Isabel Moreira (PS) violou Estatuto e Código de Conduta dos Deputados
A Comissão Parlamentar de Transparência aprovou um relatório que conclui que a deputada socialista Isabel Moreira violou o Estatuto dos Deputados e o Código de Conduta dos Deputados à Assembleia da República, na sequência de declarações proferidas durante uma sessão plenária em março deste ano.
O relatório, elaborado pelo deputado do José Barreira Soares, foi aprovado com os votos favoráveis do Chega, PSD e Iniciativa Liberal. O Partido Socialista e o Livre votaram contra.
A decisão surge após uma queixa apresentada pelo líder parlamentar do PSD, Hugo Soares, relacionada com uma intervenção de Isabel Moreira durante o período de votações parlamentares de 20 de março.
Na ocasião, a deputada do PS anunciou uma declaração de voto escrita sobre projetos legislativos apresentados pelo Chega, PSD e CDS relativos à revisão do regime jurídico da mudança de sexo e de nome no registo civil. Durante a intervenção, afirmou que aqueles projetos de lei “ratificaram o assassinato de Gisberta”.
Na participação apresentada à Comissão de Transparência, Hugo Soares considerou que a expressão utilizada constituía um insulto e uma ofensa aos deputados das bancadas envolvidas, defendendo que as declarações não respeitaram os deveres de urbanidade, respeito institucional e dignidade parlamentar.
Nas conclusões do relatório agora aprovado, a Comissão recomenda que Isabel Moreira paute futuras intervenções parlamentares e públicas pelo respeito da dignidade da Assembleia da República, dos deputados e pelos princípios de lealdade institucional.
O documento refere ainda que a resposta apresentada pela deputada permitiu contextualizar politicamente as expressões utilizadas, mas não incluiu qualquer retratação, pedido de desculpas ou reconhecimento de excesso. Pelo contrário, segundo a interpretação maioritária da Comissão, Isabel Moreira reafirmou a associação entre as iniciativas legislativas e a ideia de legitimação moral do caso de Gisberta.
Nesse sentido, a Comissão entendeu que a deputada ultrapassou os limites da crítica política admissível, entrando no campo da desqualificação moral dos deputados que apresentaram, apoiaram ou votaram os projetos em causa.

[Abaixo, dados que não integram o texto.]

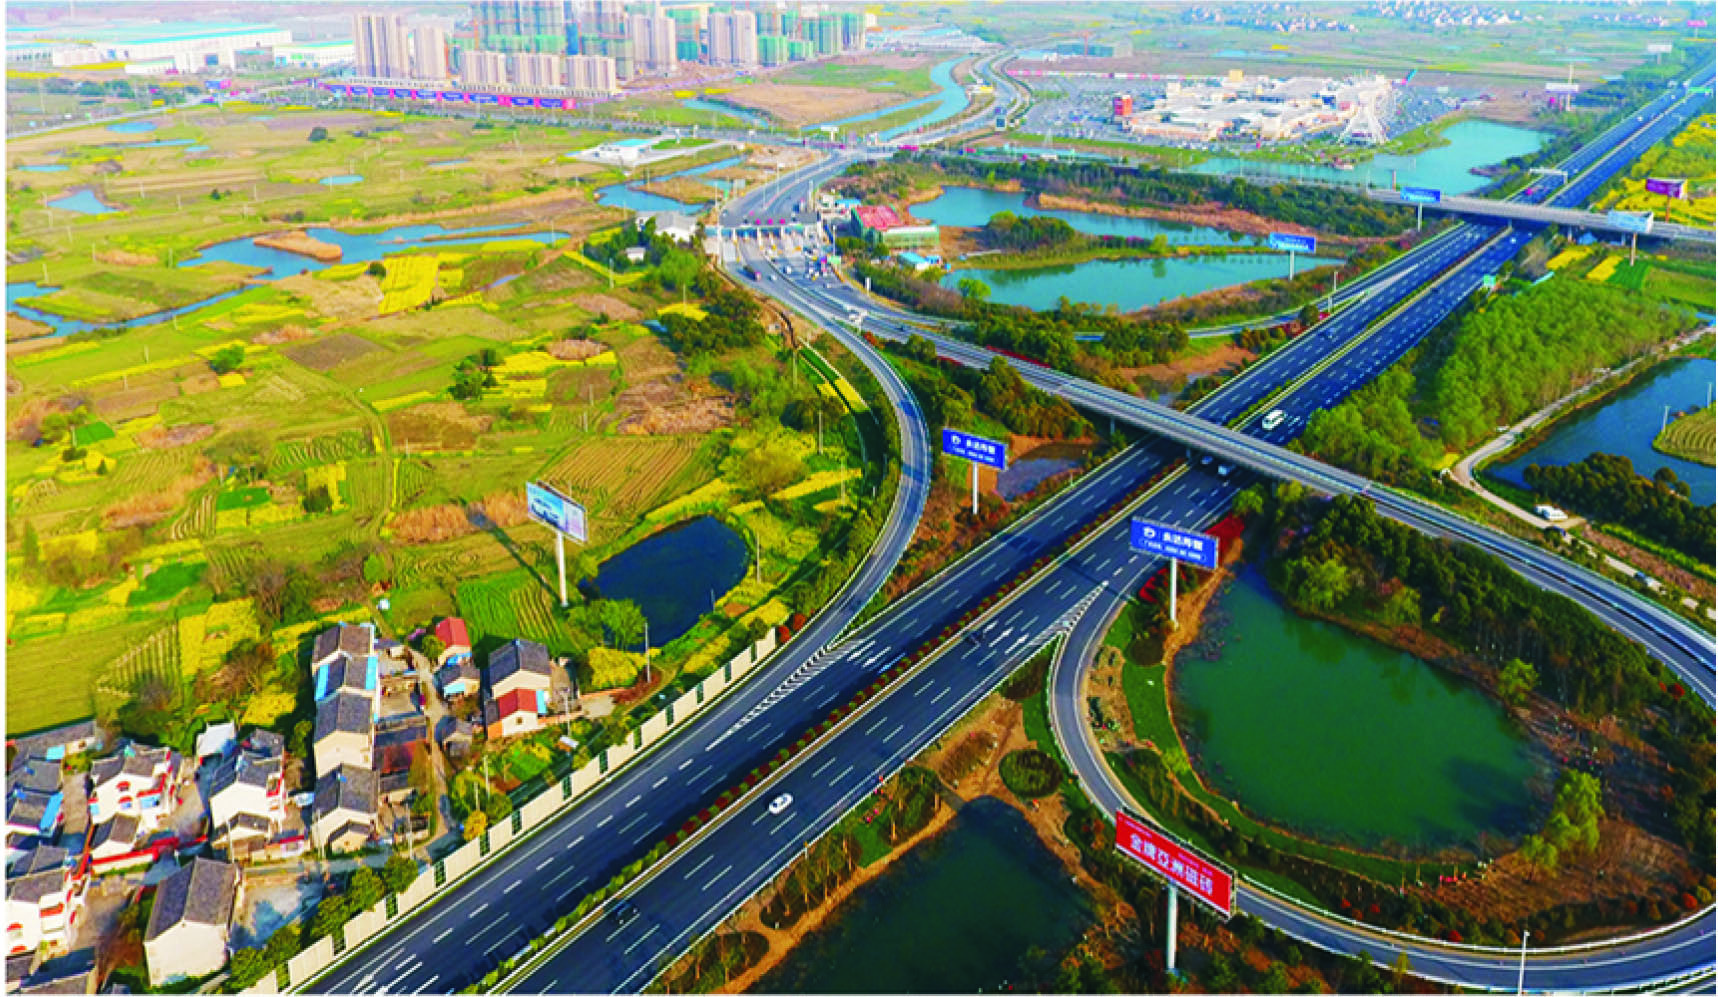 郭庄镇作为句容市对接南京的高新产业集聚区,持之以恒地贯彻落实好
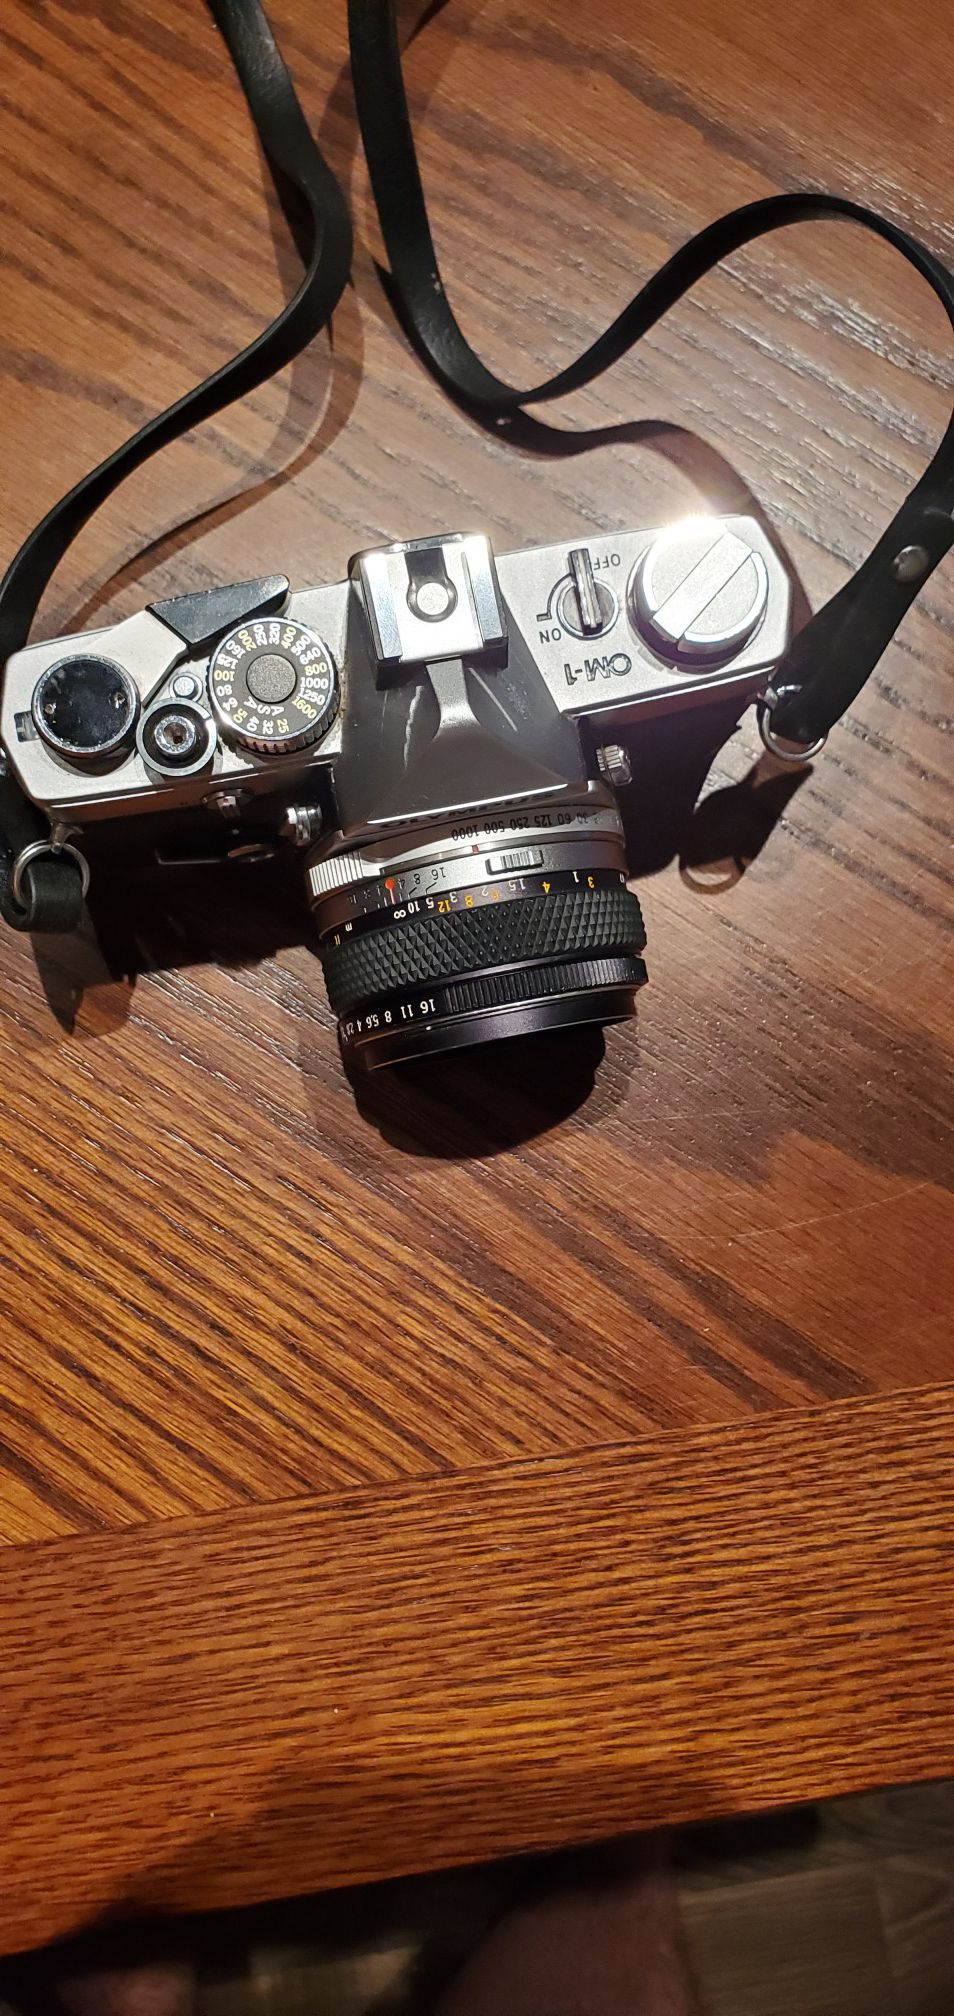 Olympus camera and Nikon lense

O relatório salienta, contudo, que a conclusão não põe em causa a liberdade de expressão nem as posições políticas defendidas por Isabel Moreira relativamente às iniciativas legislativas em discussão. Segundo o documento, a avaliação incide exclusivamente sobre a forma como essas posições foram expressas e sobre os efeitos que as declarações tiveram na honra e dignidade dos deputados visados.
A aprovação do relatório representa uma censura formal à conduta da deputada socialista, embora não implique qualquer sanção disciplinar adicional além da recomendação aprovada pela Comissão Parlamentar de Transparência.